This week has been rough. I haven’t been able to focus on anything long enough to follow through. I’ve got ideas for other stories, but they in my head and not down on the page. I have thoughts about recent events in publishing, but I can’t make them coherent. It’s not for the lack of desire, but the lack of energy. And I just recognized the cause. I’m pulling out of a depression that I was aware of, but didn’t realize how deep it went.
It’s not like I haven’t had reasons to be depressed recently – loss of my cat, a situation at my day job that will get worse before it gets better, and the day-to-day issues that crop up being a caretaker for someone with mobility issues. My sister’s cat unexpectedly passed away from a kidney infection that went septic. Add on the second full time job that writing a novel is and preparing to travel two two cons within one month, I’m not surprised that I’ve been having issues and feeling overwhelmed. The little voices in my head demanding to know why I thought I could do this, what makes me think I’ll ever be published, what makes that me think that people would even want to read what I write are growing louder and louder. I’m a failure, always have been, always will be.
Now it’s time to make those voices shut up.
Here’s where I stand as far as my novels. The fanfic-with-serial-numbers-filed-off needs a lot of work still. Everyone I’ve shown it to agrees. It’s still too close to the source material I drew from. I need to make some changes in characterization, up the threat level of the main conflict, and clean up some issues. In other words, it’s a first draft and it shows. But if I do right, it has the potential to be a series.

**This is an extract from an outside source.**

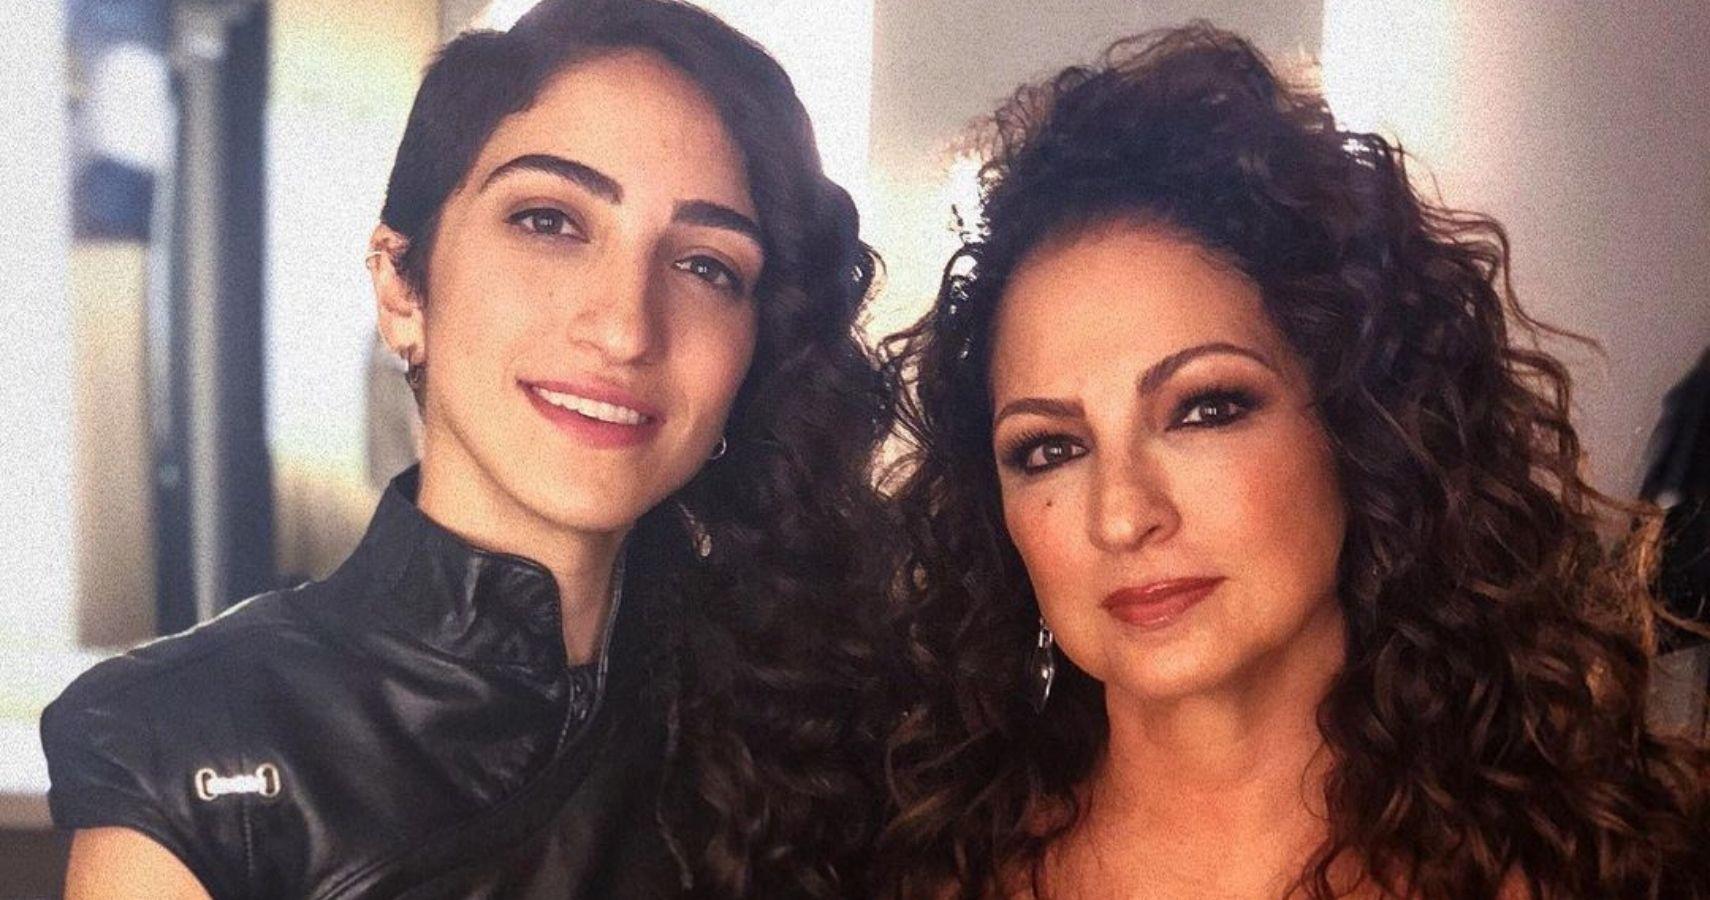 Gloria Estefan Talks On Daughter's Gender | Moms.com
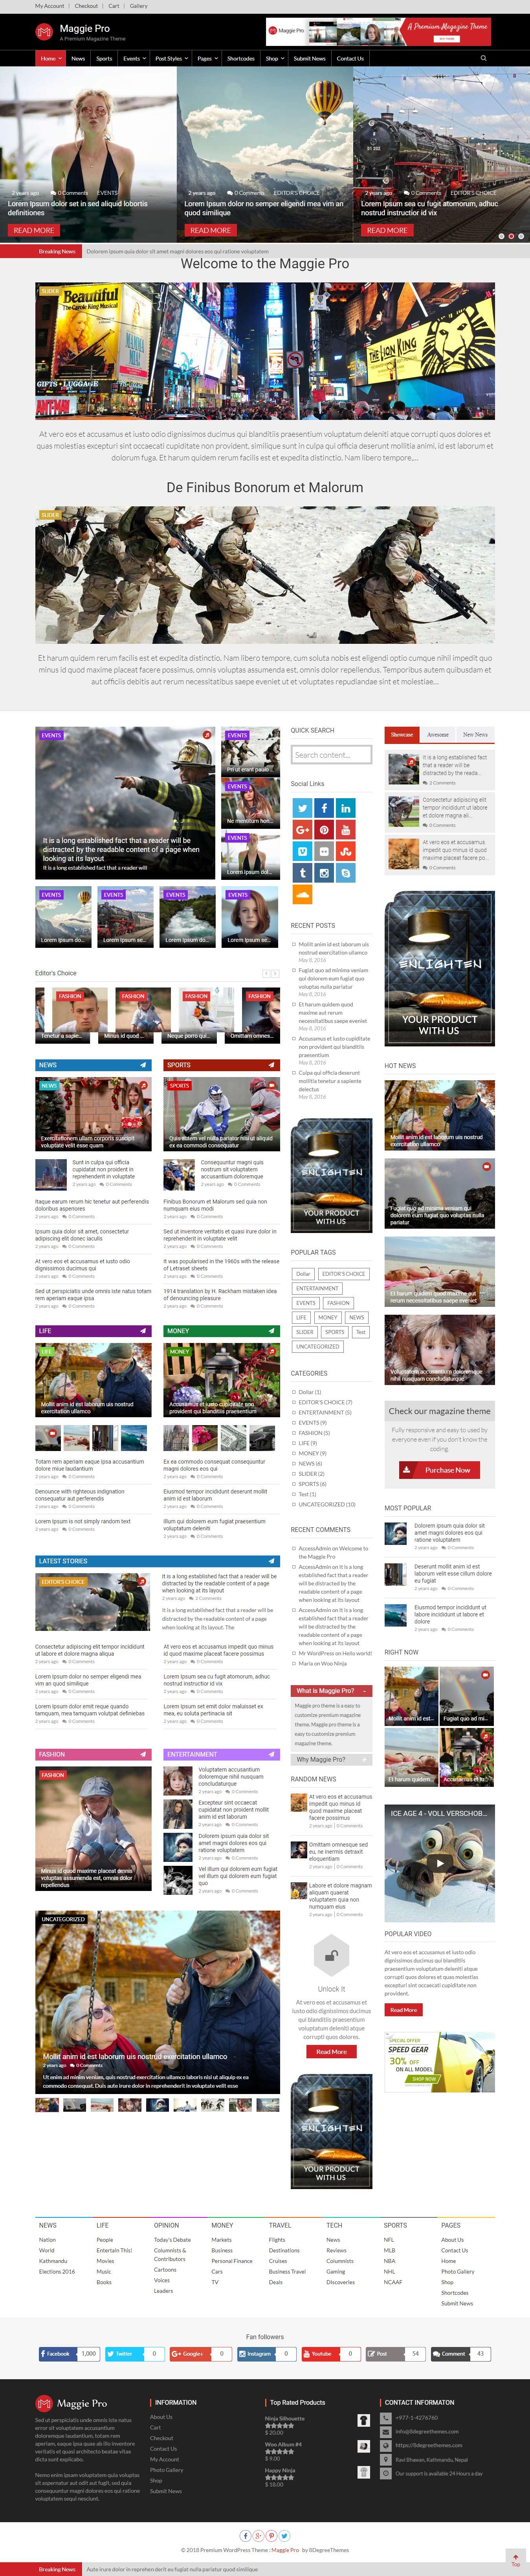 Maggie Pro - Best Premium Responsive WordPress Themes

The latest urban fantasy novel has gotten some good feedback from people I respect. It needs four scenes rewritten. The first seven thousand words will be workshopped at Convolution for feedback that will be incorporated into a polish draft. Once done, my decision is do I begin querying or hire an editor and cover artist and self-publish. Right now my inclination is to go with my plan of querying for a year. If there are no takers, I will then self-publish. The advantage is that gives me time to get books two and three into shape, and maybe start on book four.
The the ideas for the other stories are a mixed bag consisting of the urban fantasy series, the serial-number series, and a flash fiction. Of all the stories, that is the one I need to get done the fastest, if I haven’t already missed the deadline.
All this I’ve accomplished in the span of three years while holding down a full time job. I may not have a finished work yet, but I am not the failure the voices in my head insistently whisper I am. As I claw my way out of my dark emotions, I remain focused on the fact that I have covered an incredible amount of ground in a short time.
2 Replies to “Rough Week, But There Is A Light At The End Of The Tunnel”
You’ve really accomplished a lot and you’ve made huge strides forward in mastering your skill sets as a writer. Give yourself a pat on the back.
Thanks. It’s been hard for me to keep that in mind, so I need to look at this post every so often.